Faço coadjuvação numa turma grande, que acolheu um menino particular.
Coadjuvação significa que outro colega dá a aula e eu estou lá para ajudar.
Neste caso, vou dando um empurrãozinho aqui e ali aos meninos com dificuldades, mas sento-me, maioritariamente, ao lado da cadeira de rodas do M e vou monitorizando o trabalho dele a inglês.
Depois de duas ou três aulas, logo percebemos que o M é perspicaz, desenrascado e que tem um vocabulário de inglês que, de momento, prescindiria do meu apoio, mas a verdade é que eu gosto mesmo de estar ali com ele e é ele quem me ensina tanto!
É um menino bem humorado, persistente, que insiste em fazer as suas tarefas sozinho, portanto eu vou acompanhando e vamos arrancando sorrisos um do outro, no nosso cantinho, lá atrás, onde resolvemos os exercícios todos e ainda brincamos muito com uns ímanes que eu trago no estojo.
Na verdade, na mesa ao lado, senta-se um outro, que recebi no ano passado, vindo do Brasil e mal sabia ler. Progrediu muito, mas apesar de estar no terceiro ano, ainda luta com as letras. E outro que também veio daqueles lados do Atlântico e cujos pais trabalham nuns turnos malucos, razão pela qual ninguém lhe vigia as horas de sono e ele vem sonolento para a aula. A colega de carteira, de uma beleza a lembrar ascendência amazónica, esteve ali dois meses a escutar o txitxo sem trazer livros nem cadernos, por mais que apelássemos a que arranjasse, pelo menos, um cadernito qualquer.
Por tudo isto, como se vê, há sempre pano para mangas, embora eu me debruce mais no meu M.
O M era um miúdo como os meus filhos. Há um ano apanhou um vírus e ficou assim. Com a fala algo comprometida, na cadeira, sem mover a mão direita, de fralda.

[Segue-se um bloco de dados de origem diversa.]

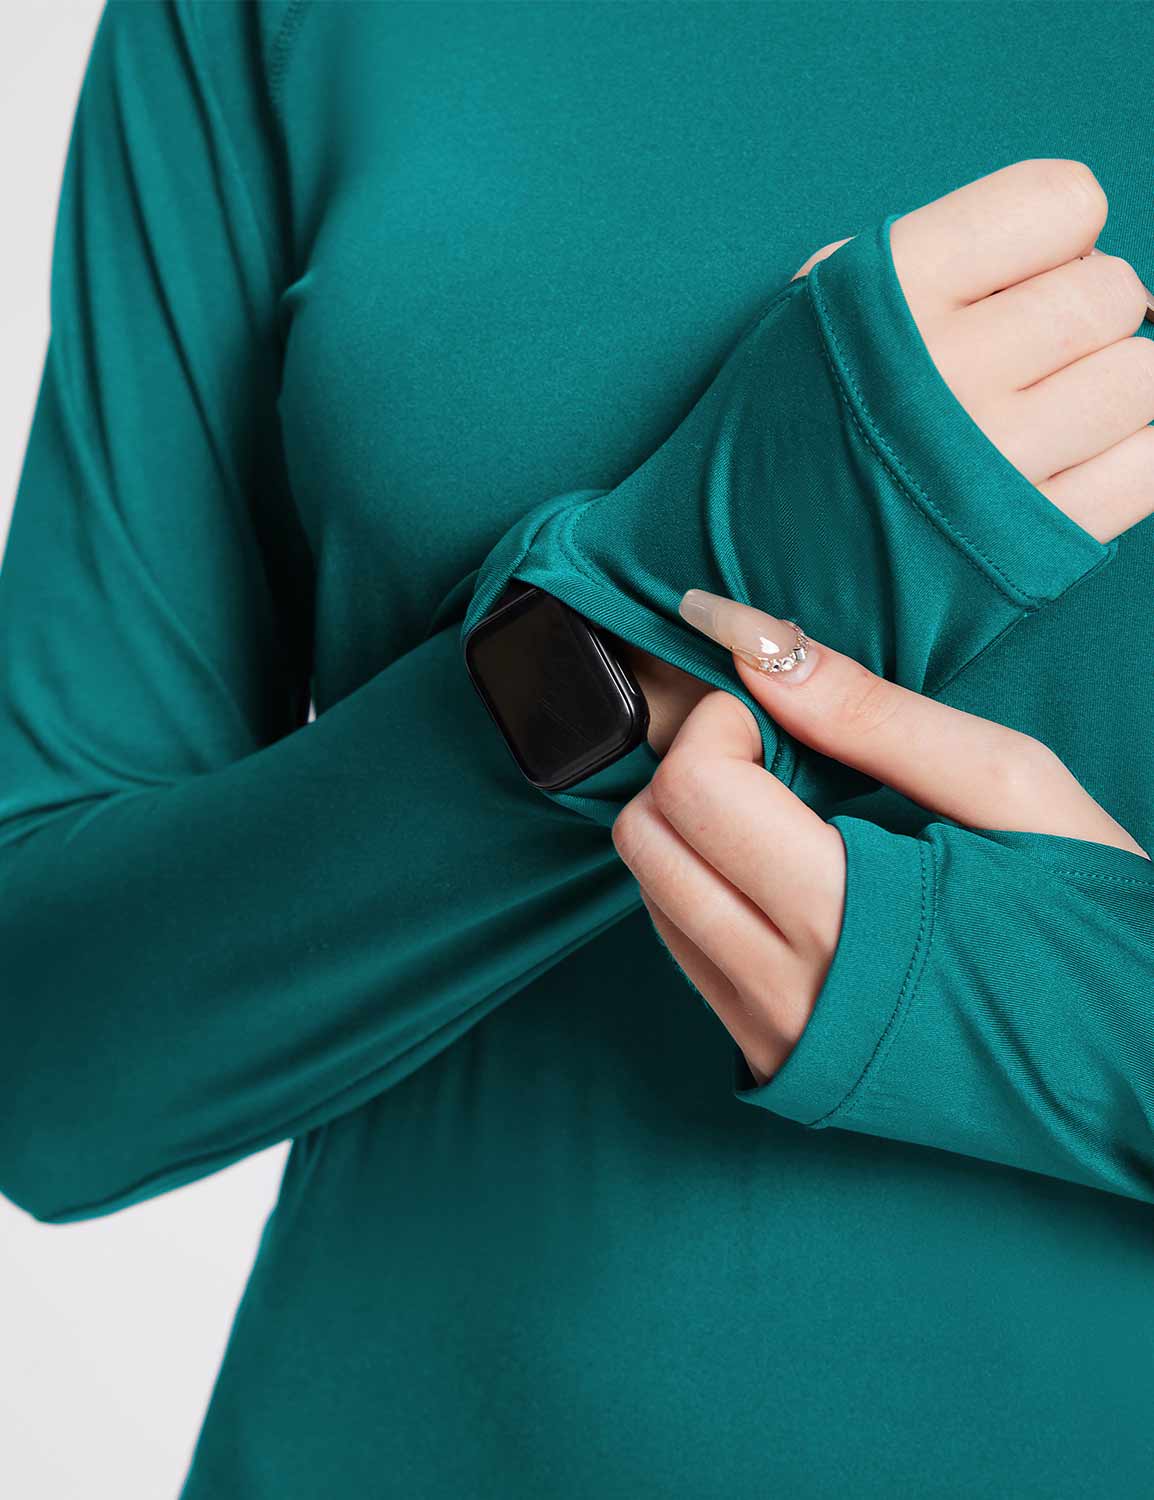 Baleaf Women's Crew Neck Long-Sleeve Sun Protection Shirts Teal Green with Watch Windows

No outro dia estava a aparar uma ficha para ele colar no caderno e ele, como de costume, pediu-me para ser ele a fazê-lo. Se calhar erradamente, mas com receio que se magoasse, disse-lhe que eu ajudava e que podia pousar a tesoura. Pelo contrário, ficou com a tesoura na mão, a fixá-la algo demoradamente. Estranhei, pois costuma ser muito colaborante.
Insisti que podia magoar-se. Deu voz ao que lhe passava na cabeça.
"Dantes, eu era capaz de recortar umas formas numa folha dobrada a meio e depois, quando se abria ficava assim tudo tipo rendilhado."
Disfarcei. "Sério? Que bonito! E isso é difícil!"
E ele:"Dantes!"
Nunca tinha visto uma tesoura cortar tão fundo.